The study included 254 lecturers employed at Mersin University. The lecturers were selected by simple random sampling from lists obtained from the personnel department. Data were obtained between November 15 and December 15, 2017 using a questionnaire developed by the researchers and the Ocular Surface Disease Index (OSDI). The data were evaluated using descriptive statistics, Student’s t test, ANOVA, and correlation tests with the SPSS package program.


Of the lecturers who participated in the study, 52.8% were male and 47.2% were female, and the mean age was 39.29±9.41 years. According to OSDI scores, 20.5% of the participants had mild, 15% had moderate, and 36.5% had severe disease.

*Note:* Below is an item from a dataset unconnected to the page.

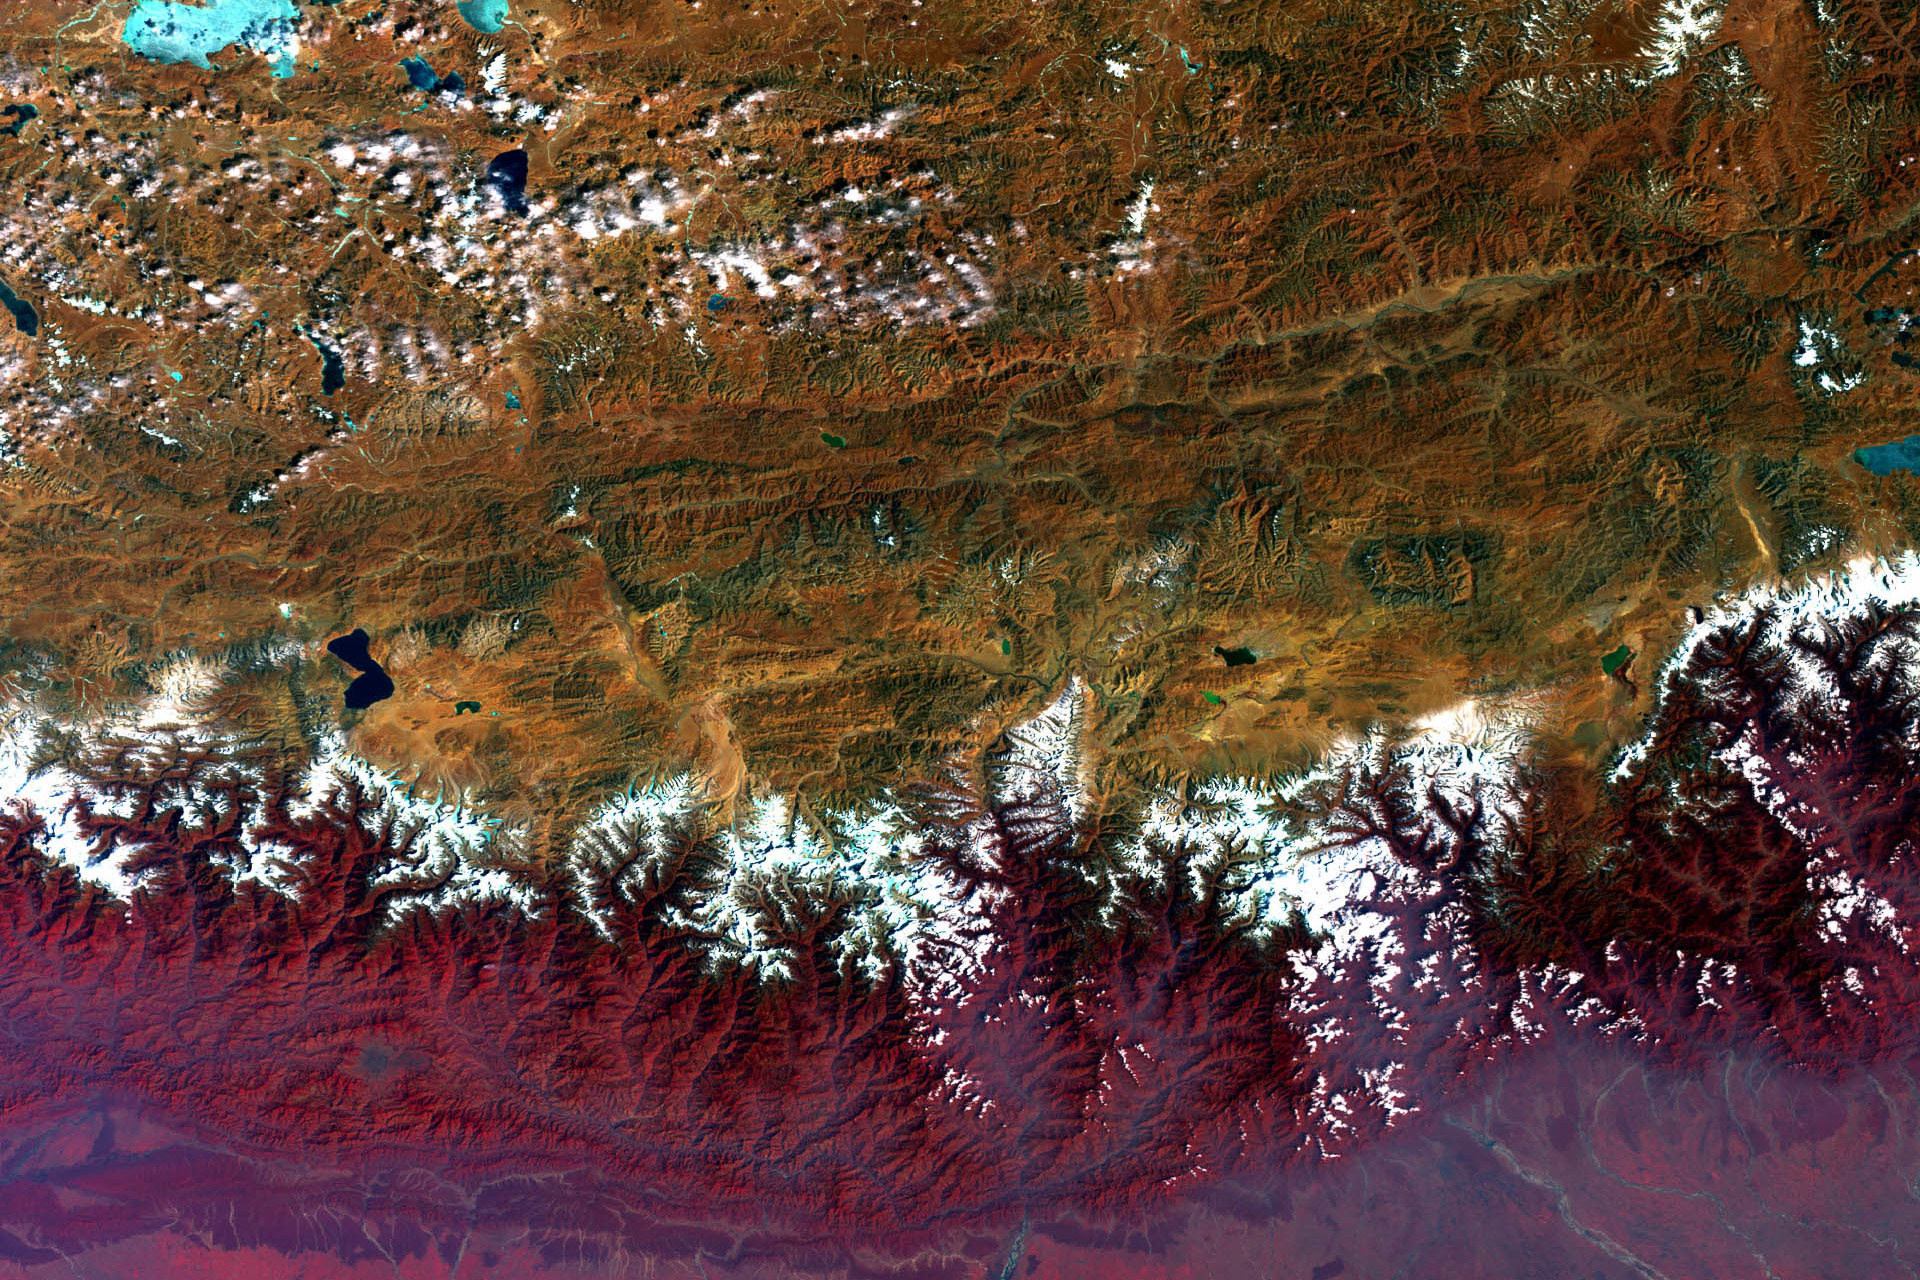 Himalayas and the Tibetan Plateau. Source: Visible Earth, NASA, 2009.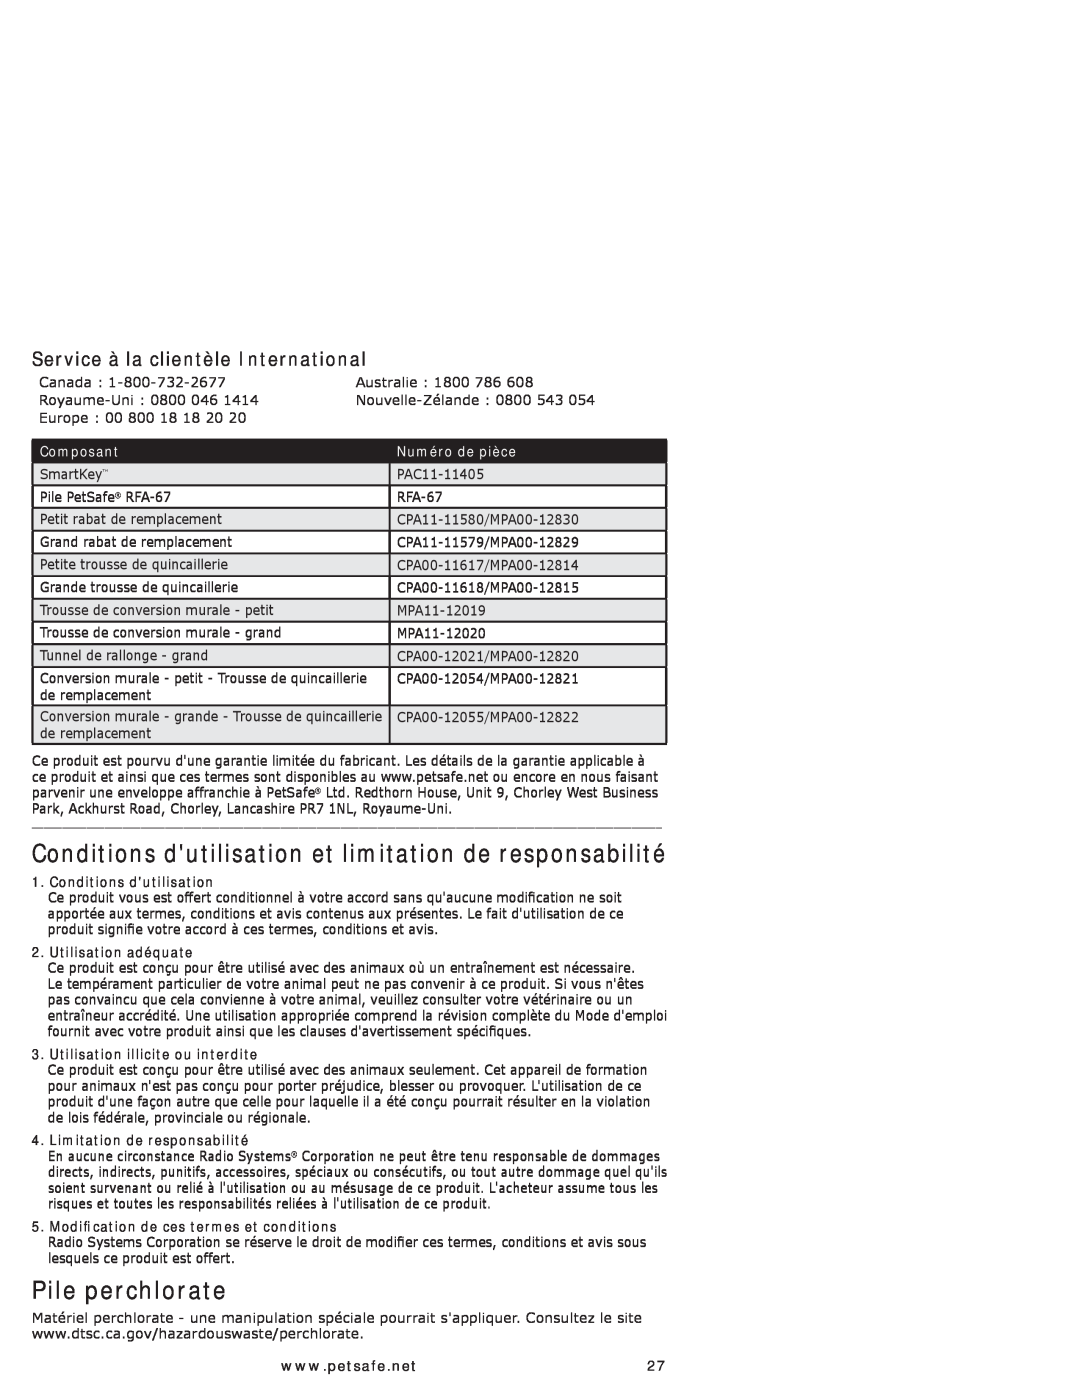 Petsafe PPA11-10709, PPA11-10711 manual Pile perchlorate, Service à la clientèle International, Composant, Numéro de pièce

There were significant differences in mean OSDI score based on sex (p<0.001), alcohol use (p=0.01), continuous drug use (p=0.03), wearing glasses (p=0.04), history of dry eye (p<0.001), and presence of dry eye symptoms (p<0.001). There were also significant differences between the OSDI score categories in terms of sex (p<0.001), smoking status (p=0.04), wearing glasses (p=0.03), history of dry eye (p<0.001), and presence of dry eye symptoms. The only factor significantly correlated with OSDI score was daily duration of computer usage (p=0.009).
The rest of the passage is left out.